Another burning question I have is what to do when I am filling in application forms. Do I tick the lesbian box, leave it blank or lie and tick heterosexual? The easy answer is of course to tick the lesbian box - but does that put me at an immediate disadvantage? Well it does if the person shortlisting is a covert homophobe. I have been advised to always tick it and then if they don’t shortlist you for that reason then it is not the right school for me. Why? There might be only one covert homophobe in a staff of 100 or it could be that I can change their mind? More importantly why should I not be given the job? If I am qualified who are they to stop me! The other side to this coin is if I do get shortlisted, is it because I ticked the box? Are they interviewing me, with no thoughts of ever giving me the job, just because it will look good on their diversity statistics?

I do still hear the phrases

‘Surely that doesn’t happen these days?’,

‘Things are different now.’

In some ways society has progressed, it is less prevalent but by no means gone. In my private life things are the same. I am always conscious of where I am and who is around me. I often feel unable to ‘relax’ in public spaces and show any affection towards my partner.

Covert homophobia happens all the time, I am sure this is the same for covert racism. I have been seated out of turn at restaurants, I have been threatened when I held my partners hand. Then there are the more serious examples including a man shouting ‘I just need the right man to show me how it is done – then I wouldn’t be a lesbian. I am not sure if he meant it to be a harrowing threat, but that is how it felt.
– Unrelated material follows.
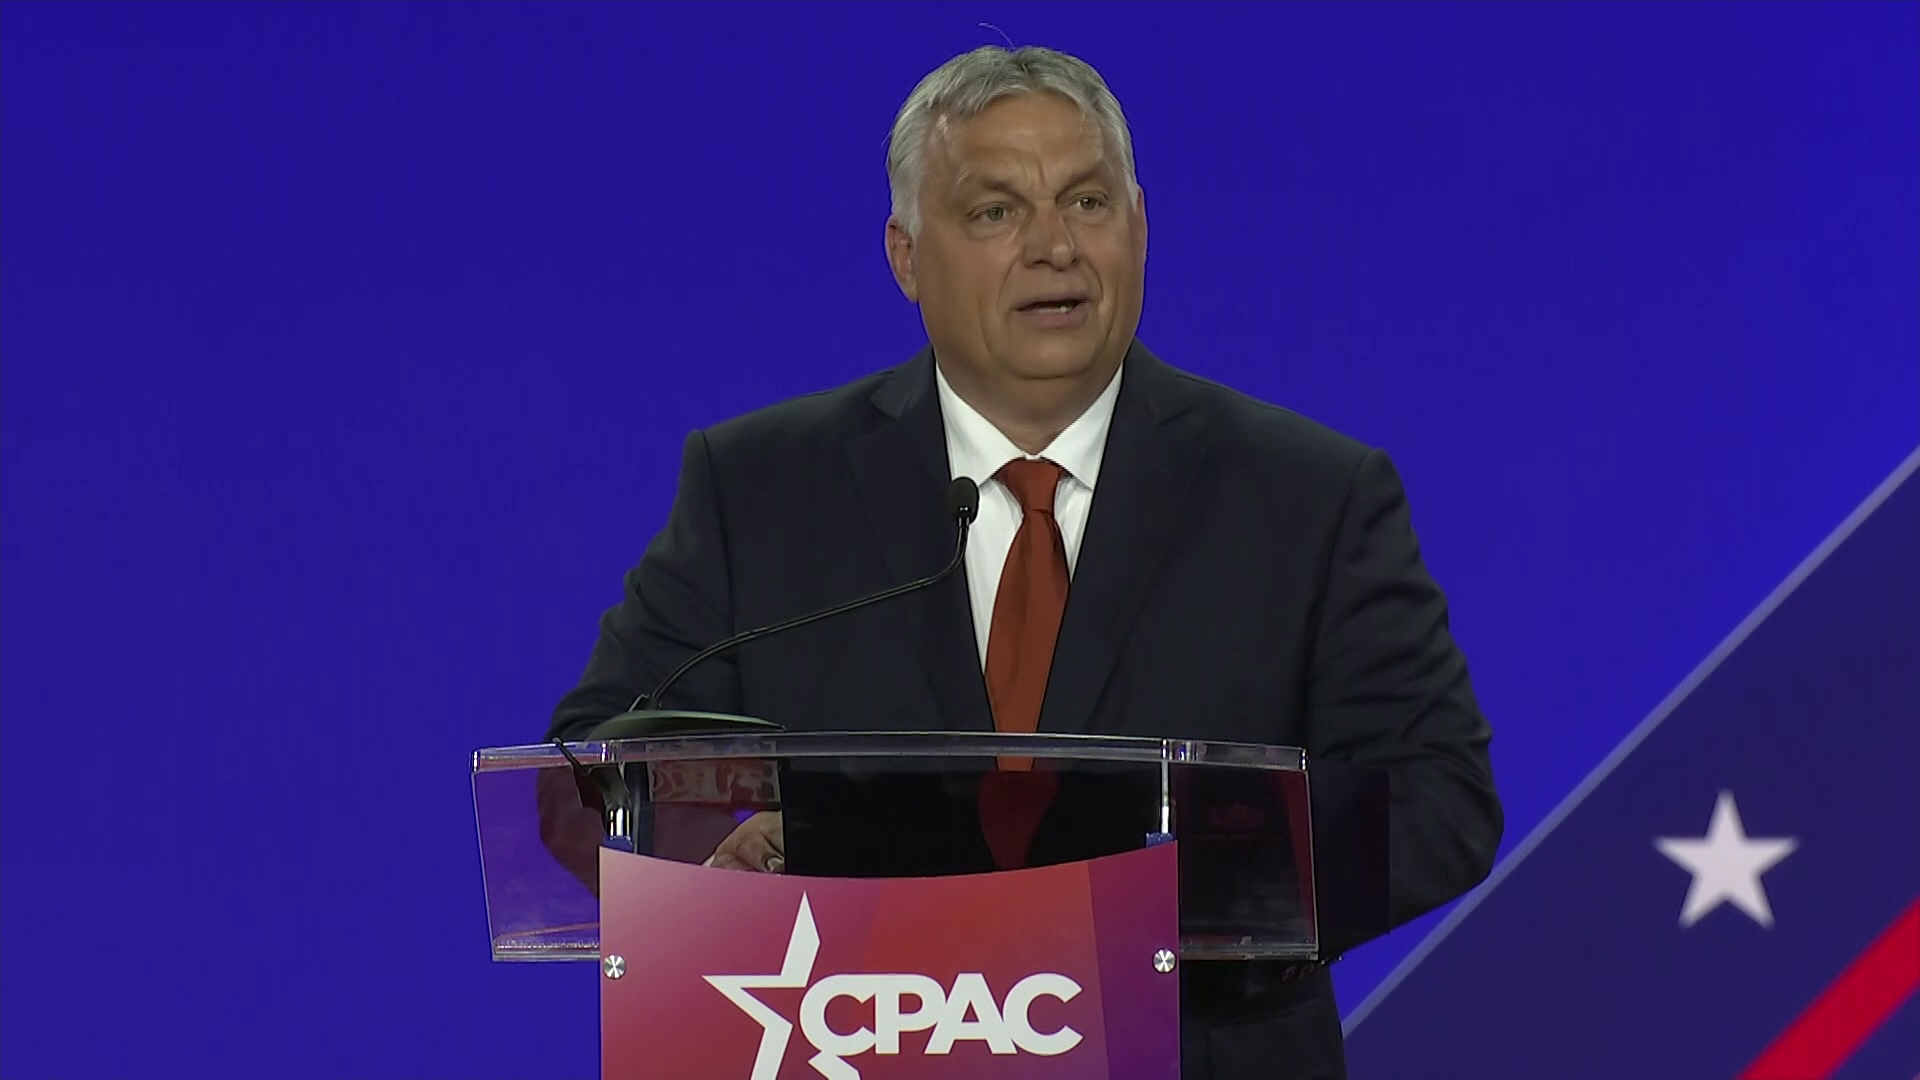 Vastapssal fogadták Orbán Viktor beszédét az amerikai konzervatívok

The world is a smaller place for me, there are several countries, I cannot visit or teach in. There are still countries where being gay is punishable by death. Ticking the box is not an easy decision, previous homophobic incidents scar in the same way as any other discrimination. It cannot be easily erased. So I ask you to think about the following:    

When you get an application from somebody who has ticked the box, understand how much this person may have agonised over this.
Try to think about new members of staff who are gay and go out of your way to support them as much as you can, covert homophobia is still around and may well be present in your staffroom when you are not there.
Don’t be too keen to join the ‘it doesn’t happen in this day and age’ band wagon, as it does.
You should consider if not being homophobic is enough. Being anti-homophobic and acting as an ally and an advocate at all times is the only way to counteract the covert homophobia that is still there under the surface.